I'm with TWHRider on this one.  Don't even have to post a picture - everything in hers says it all.

Hell, I'd settle for a good tractor at this point.


----------



## SifuPhil (Jul 18, 2013)

Heck, I didn't know we could pick something other than a _car_ ... 

In that case, this is my wish-list toy - an M47 Patton Tank!



Imagine pulling up to Woolworth's in THAT baby - "_I want a quarter-pound of Provolone and I want it NOW!_"

I would dress up like Patton whenever I drove it around town, occasionally stopping to get out and slap a few slackers.  

Full info here - and for our Florida members, it's in Largo. If I give y'all a deposit could you forward it to the concerned parties?


----------



## That Guy (Jul 18, 2013)




----------



## SifuPhil (Jul 18, 2013)

That Guy said:
			
		

> *car*



Sweet!

I know it's a Jaguar, but for the life of me I can't recall the model - SS100, perhaps? From the '30's? 

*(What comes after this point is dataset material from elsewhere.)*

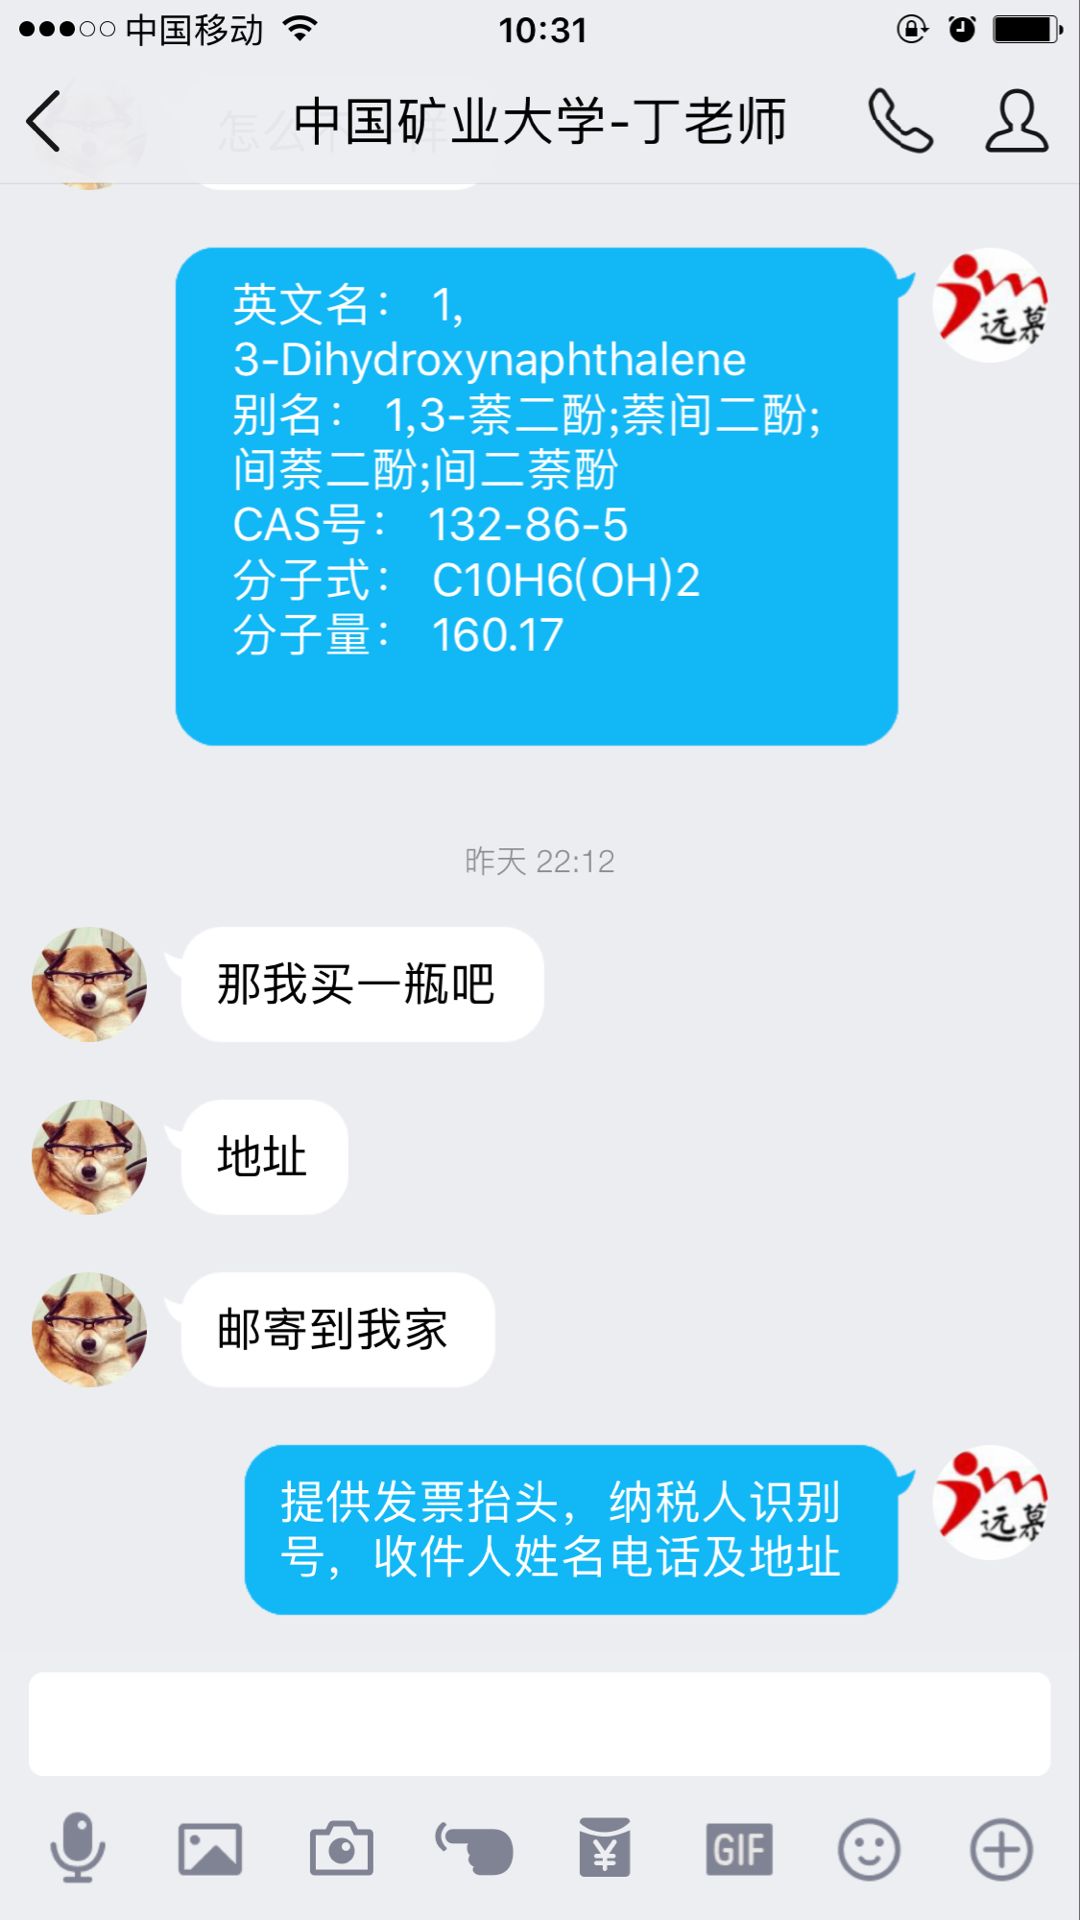 中国矿业大学丁老师在我公司成功订购上海远慕CAS:132-86-5间萘二酚
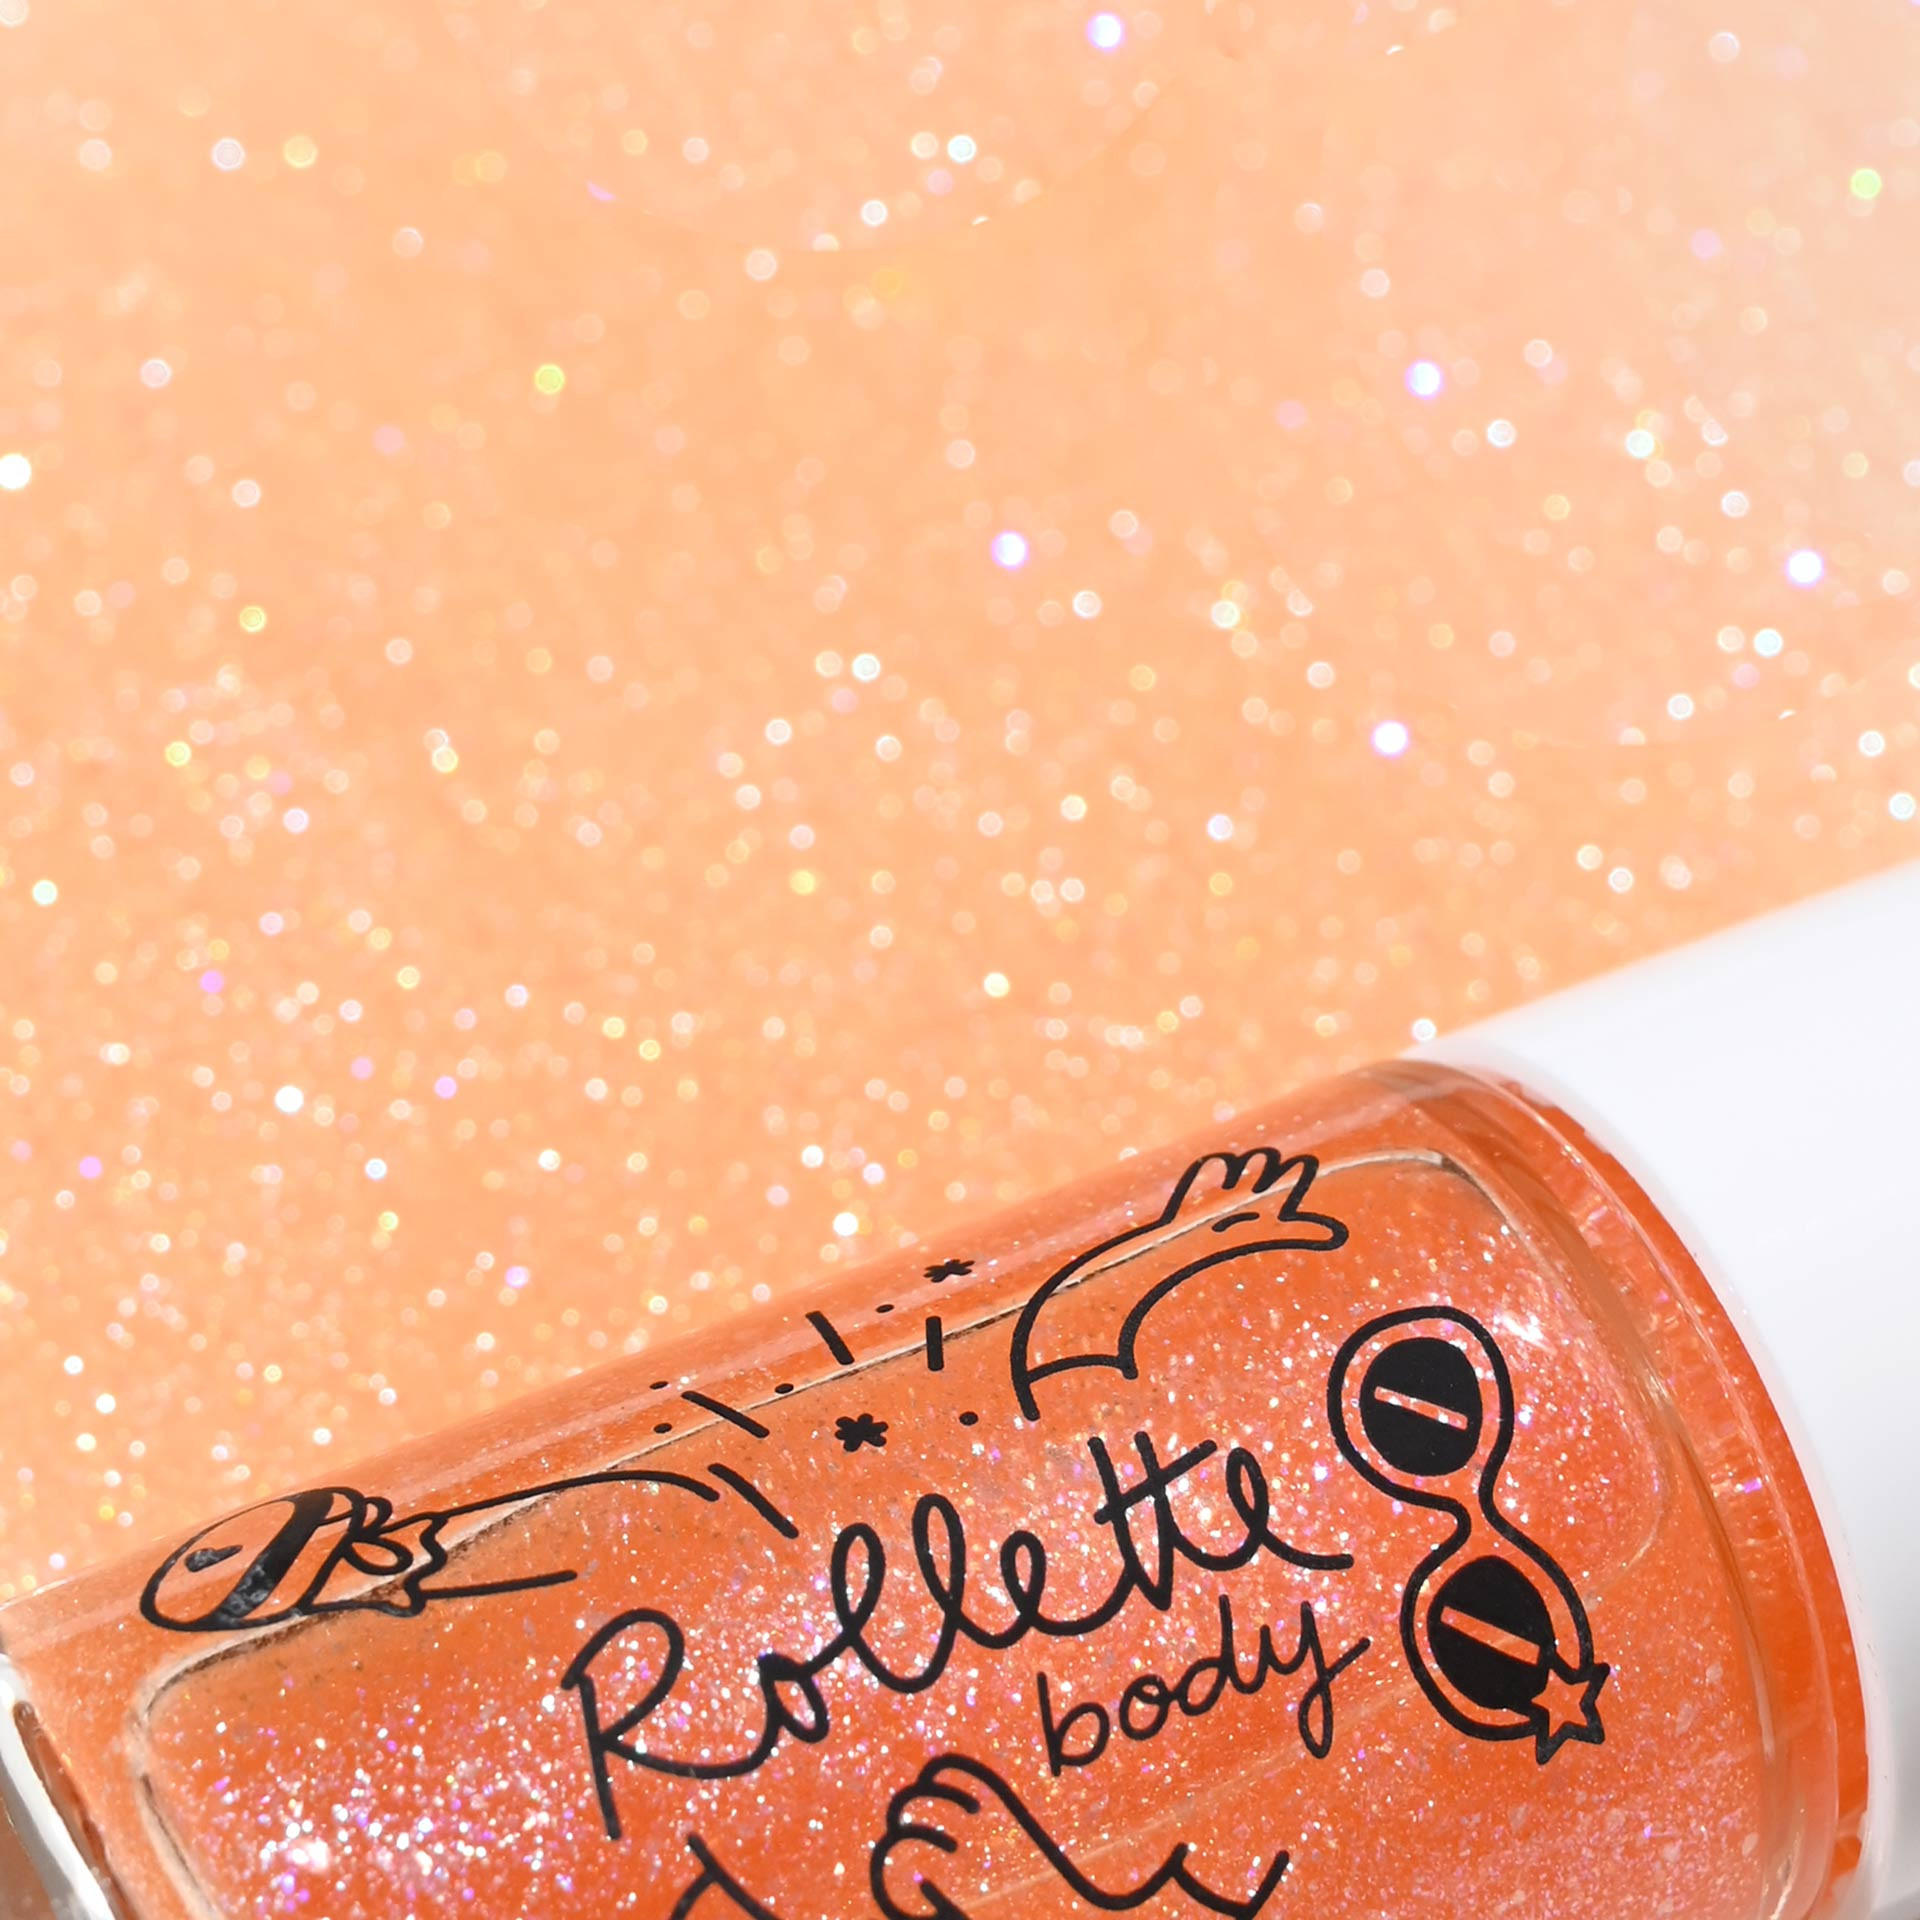 Body Rollette - peach Body Gel

Being a huge_ The Prisoner_ fan I always wanted to own one of those nifty little Lotus 7's he drove in the series ...


----------



## That Guy (Jul 19, 2013)

Actually . . . this is my dream car.  Not sure of the model.  Thinks it's blonde...


----------



## Archer (Jul 19, 2013)

It's a modern muscle car for me...175kW (235 hp) 0-100ks, 6 seconds...top speed 250k/hour. 1/4 mile a tad over 14 seconds.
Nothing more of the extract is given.